Изменить размер шрифта - +
Я сказал, что  время  излечивает  все
раны, но что еще много месяцев я не стану ни писать тебе,  ни  видеться  с
тобой. Ты немедленно  выехал  в  Париж,  посылая  мне  с  дороги  безумные
телеграммы и умоляя меня во что бы то ни стало встретиться там с тобой.  Я
отказался. Ты приехал в Париж в субботу вечером; и в гостинице тебя  ждало
мое письмо о том, что я не хочу тебя видеть. На следующее утро  я  получил
на Тайт-стрит телеграмму  на  десяти  или  одиннадцати  страницах.  В  ней
говорилось, что какое бы зло ты мне не причинил, ты все равно  не  веришь,
что я откажусь встретиться с тобой,  ты  напоминал  мне,  что  ради  такой
встречи хоть на час ты ехал шесть дней и ночей через всю Европу, нигде  на
задерживаясь, умолял меня жалобно и, должен сознаться, очень трогательно и
кончал весьма недвусмысленной угрозой покончить  с  собой.  Ты  сам  часто
рассказывал мне, сколько человек в твоем роду  обагрили  руки  собственной
кровью: твой дядя - несомненно и, возможно, твой дед, да и много других из
безумного, порочного семейства,  породившего  тебя.  Жалость,  моя  старая
привязанность к тебе, забота о твоей матери, для которой твоя  смерть  при
таких жутких обстоятельствах была бы смертельным ударом, ужас  при  мысли,
что такая юная жизнь вдруг так страшно оборвется, - жизнь, у которой,  при
всех ее уродливых недостатках, еще есть  надежда  стать  прекрасной;  даже
простая человечность, - все  это  пусть  послужит,  если  это  необходимо,
оправданием того, что я согласился объясниться с тобой в последний раз.

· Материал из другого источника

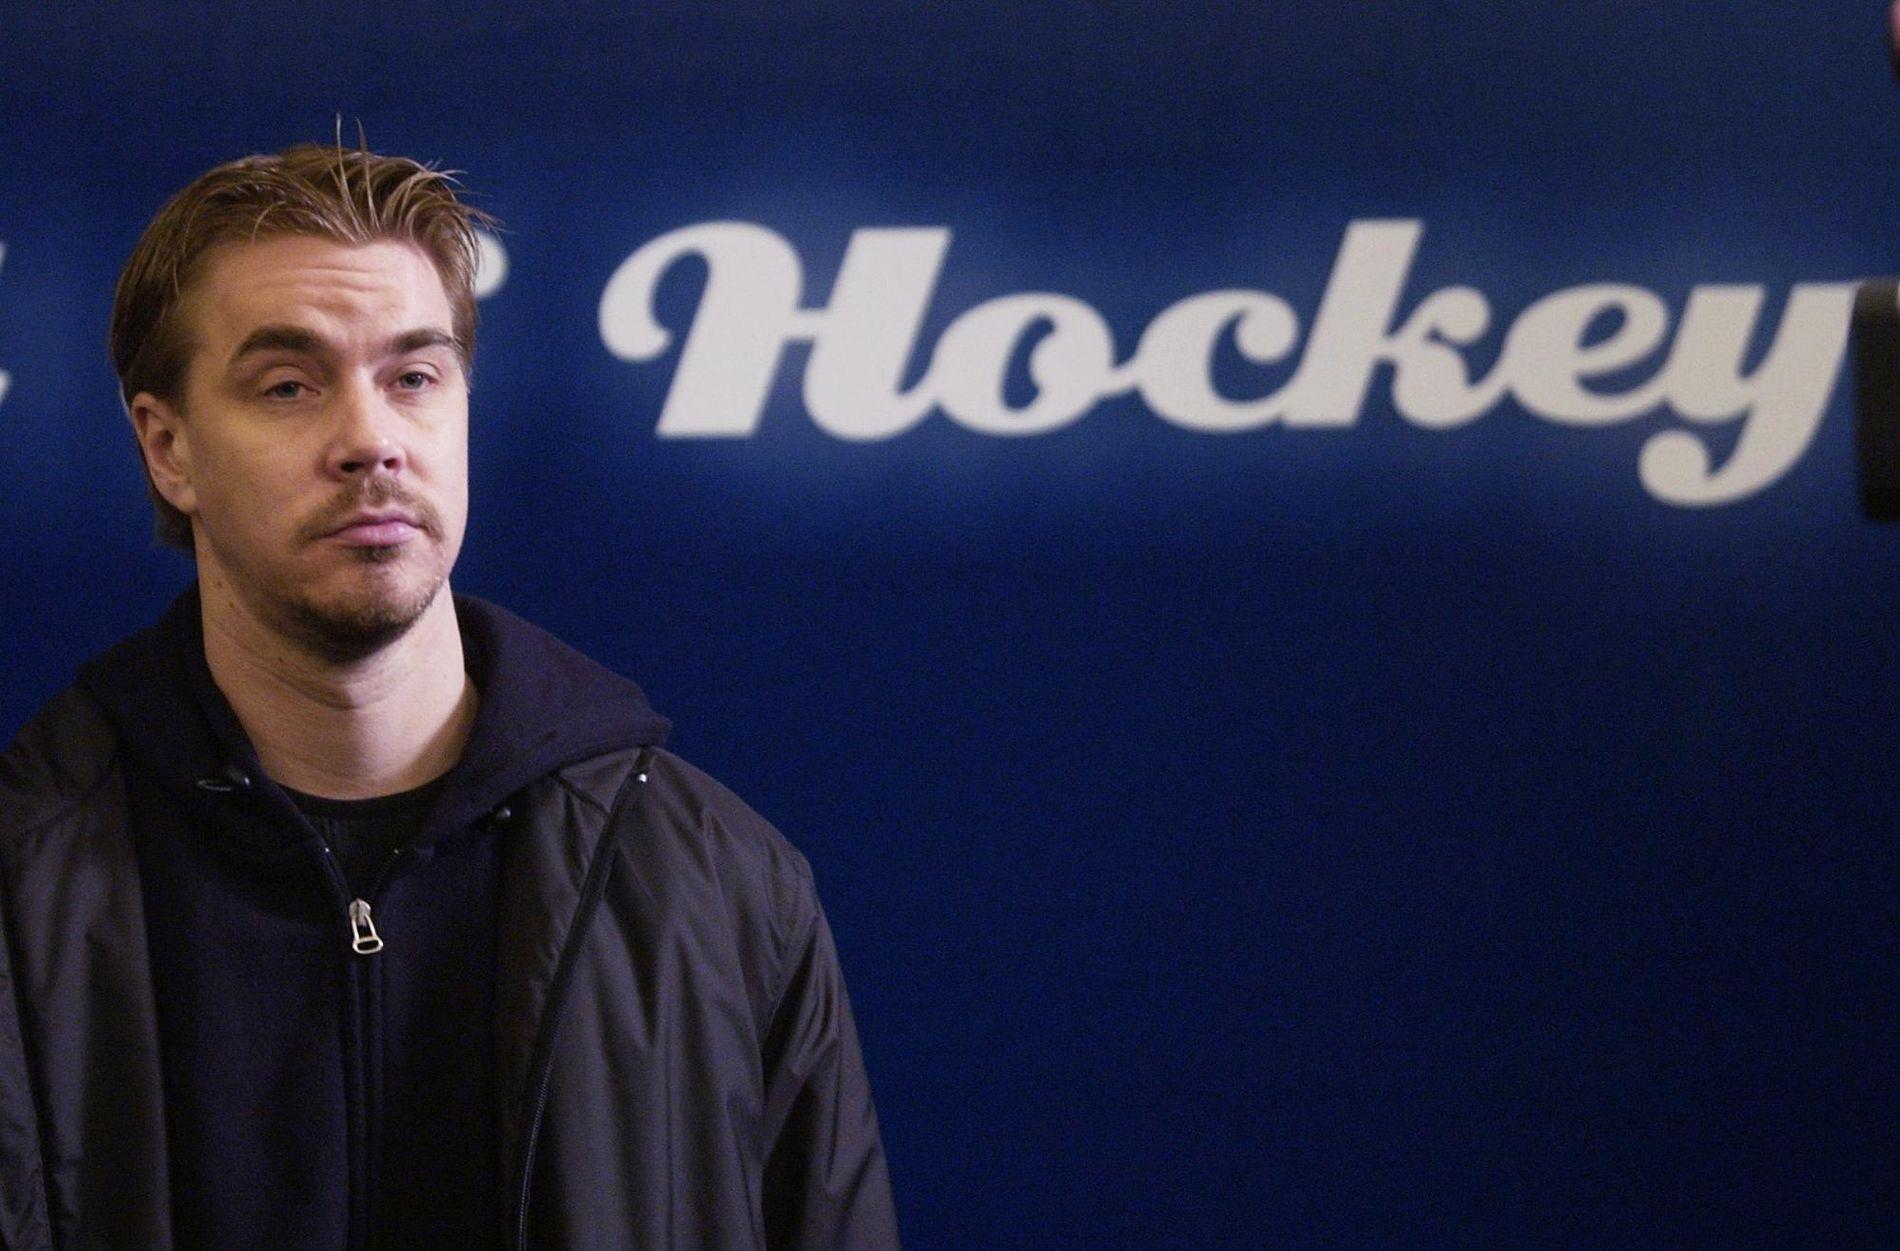 HOCKEYHELT: Tidligere hockeykeeper Tommy Salo forteller åpent om sine depresjoner og psykiske problemer.

Но
когда я приехал в Париж, ты весь вечер так плакал, слезы так часто текли у
тебя по щекам, текли дождем, и во время обеда у Вуазена,  и  за  ужином  у
Пайяра твоя радость от встречи со мной была так непритворна, ты все  время
брал мою руку, как  ласковый,  виноватый  ребенок,  и  так  искренне,  так
непосредственно каялся, что я согласился возобновить  нашу  дружбу.  Через
два дня после  нашего  возвращения  в  Лондон  твой  отец  увидел  нас  за
завтраком в "Кафе-Рояль", подсел к моему столику, пил вино вместе со мной,
а к вечеру, в письме, обращенном к тебе, начал впервые нападать  на  меня.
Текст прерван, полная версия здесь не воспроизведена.